“弟兄们!鬼子要缴咱们的械!跟他们拼了!”李刚的嘶吼声从伪军据点里炸开,紧接着是机枪“哒哒哒”的怒吼,子弹像泼雨似的扫向逼近的日军。
“八嘎牙路!李刚反了!给我轰平他的据点!”石井捂着流血的胳膊,另一只手挥舞着指挥刀,唾沫星子喷了身旁传令兵一脸。
据点的院墙被日军的掷弹筒炸出个豁口,几名日军端着刺刀刚要冲进去,就被伪军的机枪扫倒,血溅了一地。李刚躲在炮楼里,眼睛赤红,他知道今天要么鱼死,要么网破——早上收到“天合杂货店”的回信,说八路答应给他留条活路,可眼下石井的炮火跟不要钱似的往据点砸,活路在哪?
“队长!西南角快守不住了!鬼子冲进来了!”一个伪军连滚带爬地来报,胳膊上的伤口还在淌血。
李刚抓起身边的步枪,咬着牙骂:“守不住也得守!把炸药包给我抬上来!老子跟他们同归于尽!”
据点外,石井看着不断倒下的日军,脸色比锅底还黑。野口刚带着一个小队去支援东门,防止八路趁机偷袭,这边的兵力本就不足,可李刚的伪军像是疯了,抵抗得异常顽强。他捂着被流弹擦伤的腰,恶狠狠地对身边的副官吼:“把重机枪架起来!给我往炮楼里打!”
“太君!炮楼里有老百姓!”副官犹豫着,据点里还困着几个被抓来做饭的老乡。
“老百姓?”石井眼神狠戾,“死啦死啦的!”
重机枪的轰鸣声震得地面发颤,炮楼的木板被打得木屑飞溅。李刚缩在墙角,看着身边的弟兄一个个倒下,突然抓起一个炸药包,拉燃引线就往窗外扔——那是他早就准备好的“后手”,本想留给八路,现在看来,得先用在鬼子身上。
“轰隆——”
炸药包在日军重机枪阵地炸开,几个机枪手瞬间被炸飞,石井被气浪掀翻在地,额头磕在石头上,鲜血顺着脸颊往下淌,昏沉中只听到据点里传来李刚疯狂的大笑。

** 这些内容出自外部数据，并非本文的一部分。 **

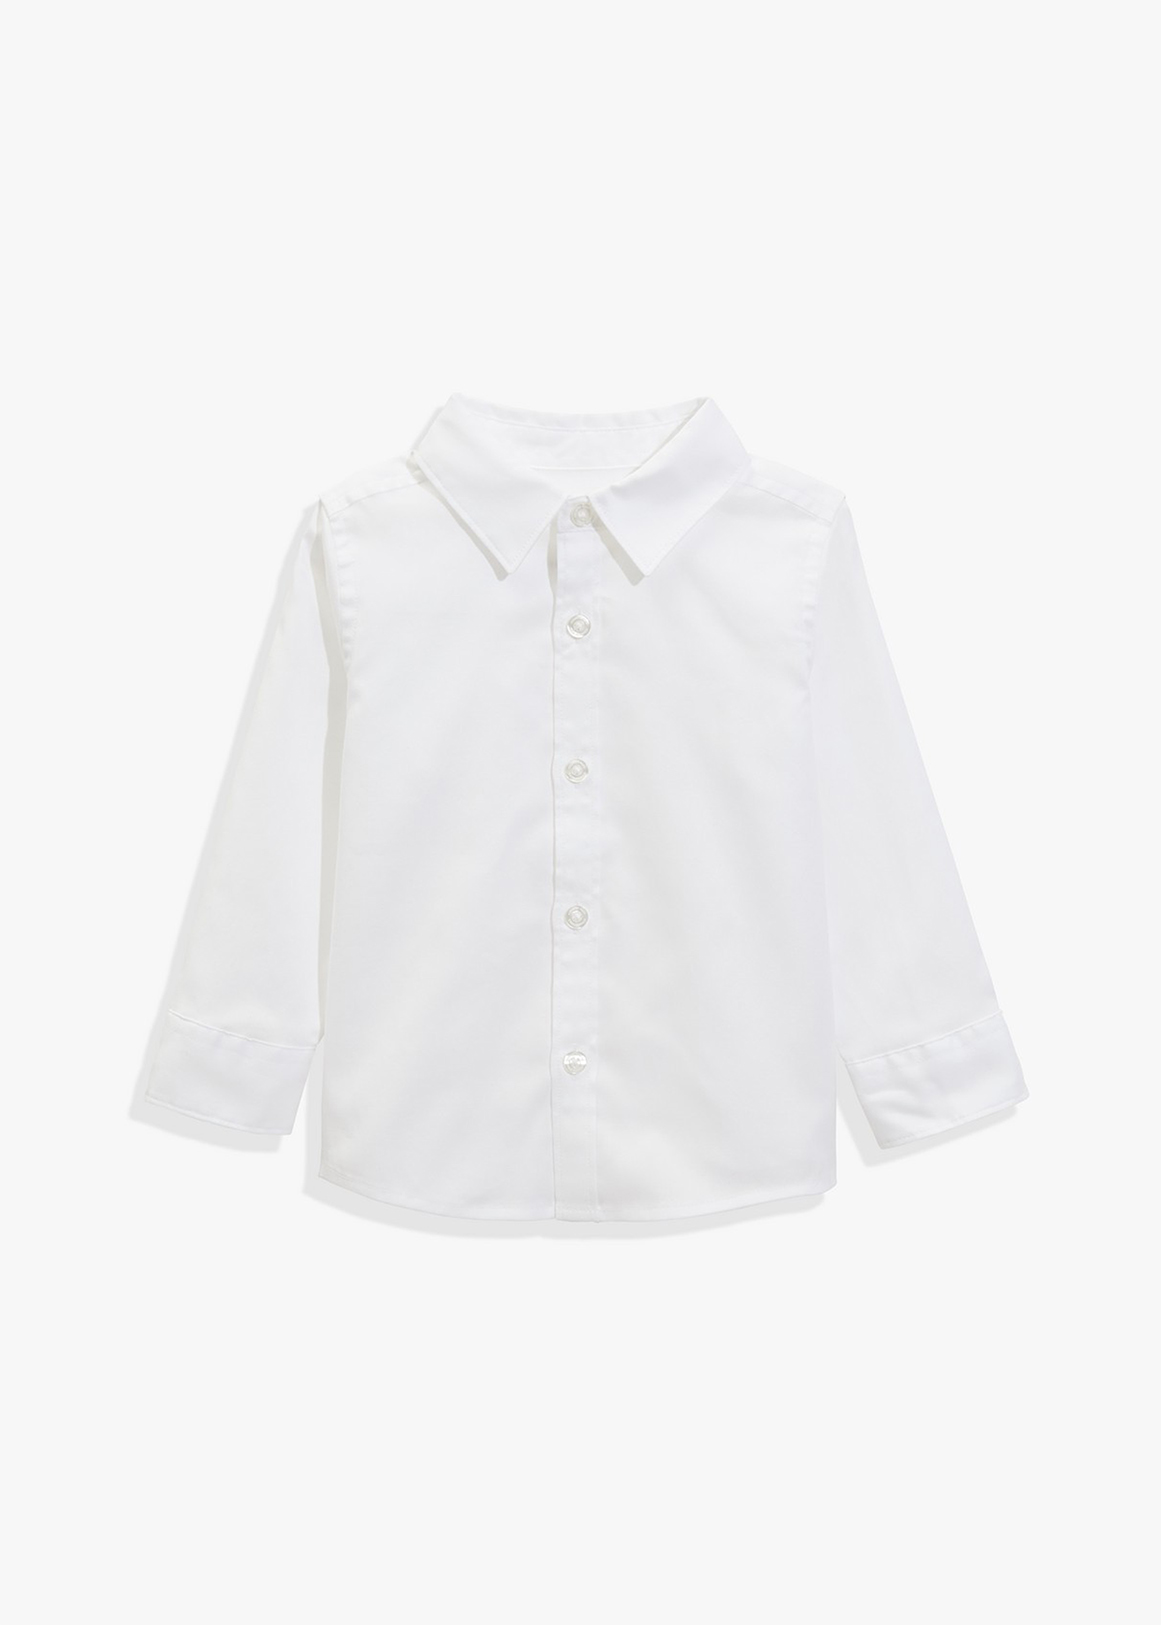 White Shirt | Woolworths.co.za

“李刚!我杀了你!”石井挣扎着想爬起来,却被身边的士兵死死按住——他的腿被弹片划开道深可见骨的口子,根本站不稳。
炮楼里,李刚正对着缺口疯狂扫射,突然看到日军阵地后升起信号弹,是石井在呼叫援兵。他心里一沉,知道自己撑不了多久了,抓起最后一个炸药包,死死抱在怀里:“弟兄们!跟鬼子拼了!下辈子咱们还做兄弟!”
他刚要冲出去,据点的大门突然被日军炸开,十几名日军端着刺刀涌进来。混乱中,不知是谁碰倒了煤油灯,火星溅到炸药包的引线上,“滋滋”的燃烧声在枪声中格外刺耳。
“不好!”李刚瞳孔骤缩,可已经晚了。
又是一声巨响,炮楼的半边顶被炸塌,砖石混合着血肉飞溅,李刚连惨叫都没来得及发出,就被埋在了废墟里,连块完整的骨头都没剩下。
“队长!”残存的伪军哭喊着,抵抗瞬间瓦解,有的举枪投降,有的四散奔逃,很快被日军一一制服。
石井被士兵搀扶着走到废墟前,看着那片狼藉,嘴角扯出个渗血的笑:“李刚……死了?”
“太君,炸成碎片了。”副官低声回禀,看着那堆血肉模糊的废墟,胃里一阵翻涌。
石井踉跄着往前走了两步,脚下不知踢到什么软乎乎的东西,低头一看,竟是半只戴着熟悉银镯子的手——那是新井梅子的,早上还给他端过茶。他眼前一黑,猛地喷出一口血,直挺挺地倒了下去。
“太君!石井太君!”副官惊叫着扑过去,探了探鼻息,还有气,只是脸色惨白如纸,显然伤得不轻。
远处,狼寨的山坡上,曹兴国放下望远镜,对身边的李勇道:“差不多了。”
李勇握紧手里的枪,眼里闪着光:“团长,动手?”
“动手。”曹兴国的声音斩钉截铁,“告诉各营,直奔日军指挥部,别给野口反应的时间!”
“是!”
冲锋号在夜色中嘹亮地响起,八路军战士们像潮水般冲下山坡,朝着火光冲天的县城奔去。废墟前,日军还在忙着抢救石井,没人注意到,真正的猎手,已经悄然围了上来。